A strong opponent of joint US-Japanese missile-defense projects, China is believed to have increased the number of missiles by 75 per year in an attempt to discourage the United States and Japan from working on a missile-defense system eventually unable to deal with the growing number of Chinese missiles. The opposite is the case, of course. The more the number of Chinese missiles grows, the more the US and Japan want to develop and deploy the system.
This looks like the beginning of a new arms race in East Asia to Chinese Defense Minister Cao Gangchuan, who met with his Japanese counterpart Shigeru Ishiba in Beijing last week.
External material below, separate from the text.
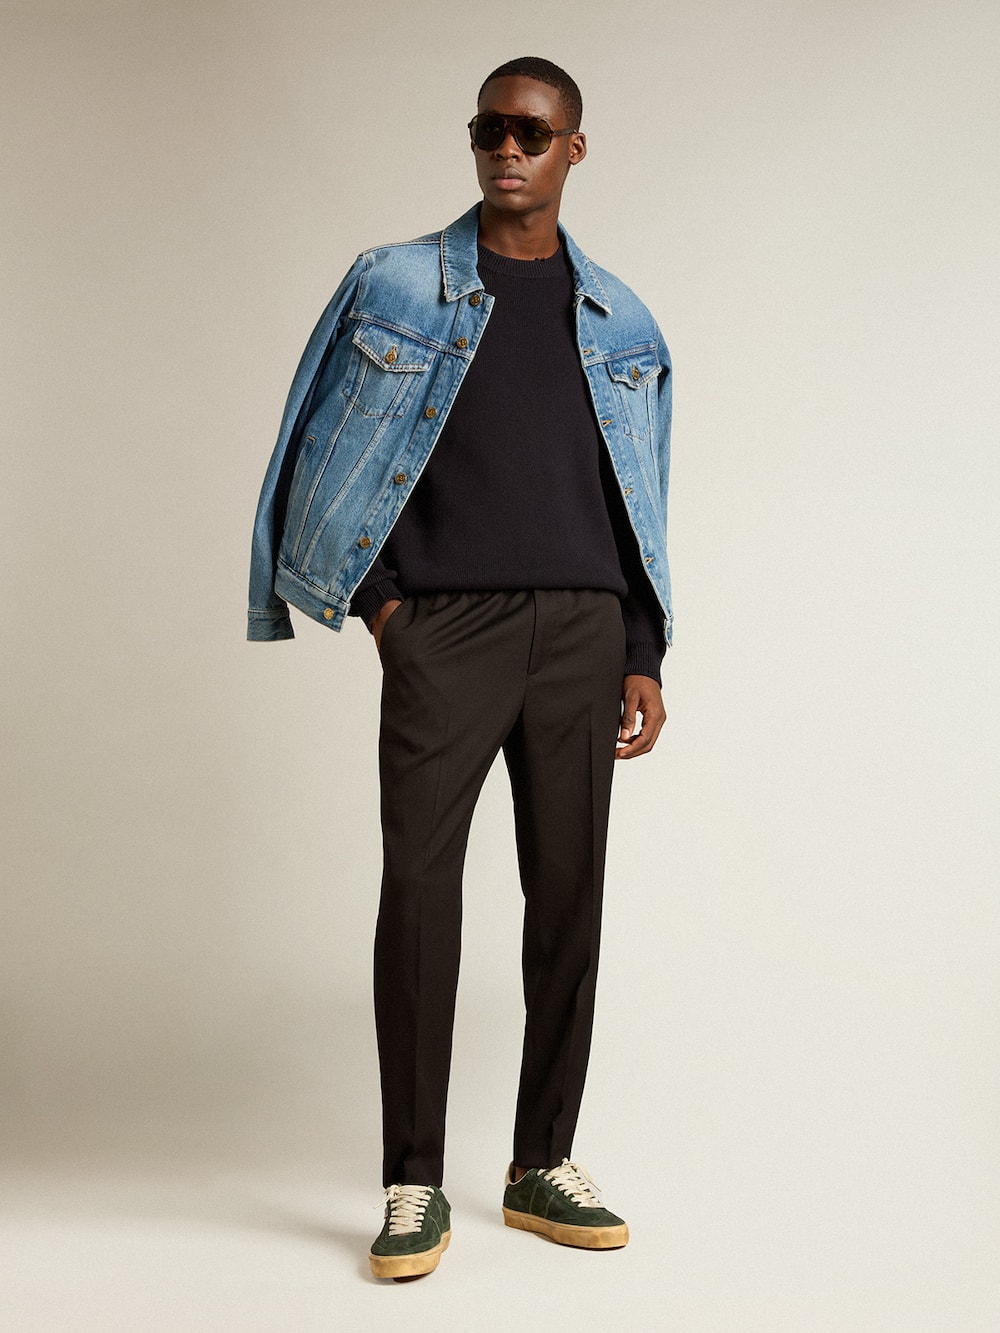 Golden Goose - Jaqueta jeans masculina com lavagem média in

Missile defense, he complained, will lead to a new escalation in Japan's defense spending. And Cao certainly knows about rising military spending, given that China's defense budget has seen two-digit growth per year over at least the past decade.

Whereas the Japanese military insists that the budget for regular defense spending will not be affected by missile defense, others suspect that the government will be forced to come up with a supplementary budget before too long given the expense of this technology and hardware.

Japanese governments have proved to be quite good at feeding the economy or the armed forces with supplementary or "emergency" budgets over the past decade, and a neighbor such as North Korea will remain reason enough to spend some extra cash on defense.

Pacifists and other party-spoilers in Japan step in, however, warning that missile defense violates Japan's self-imposed ban on executing the right to collective self-defense. Japan might be forced to shoot down a missile not even targeted at Japan, they fear.

The Defense Agency, however, sees no collective self-defense on the horizon, claiming that radar systems stationed on Aegis vessels would be "able to identify if the target of the incoming missiles was Japan or not". This of course sounds plausible only to diehard advocates of missile defense, although there is still hope that Pyongyang will opt against running amok in East Asia, thereby keeping Japan's military from playing with high-tech US toys just yet.

Axel Berkofsky, PhD, is a research fellow and policy analyst for the European Institute for Asian Studies, Brussels. Views expressed in this article are his own.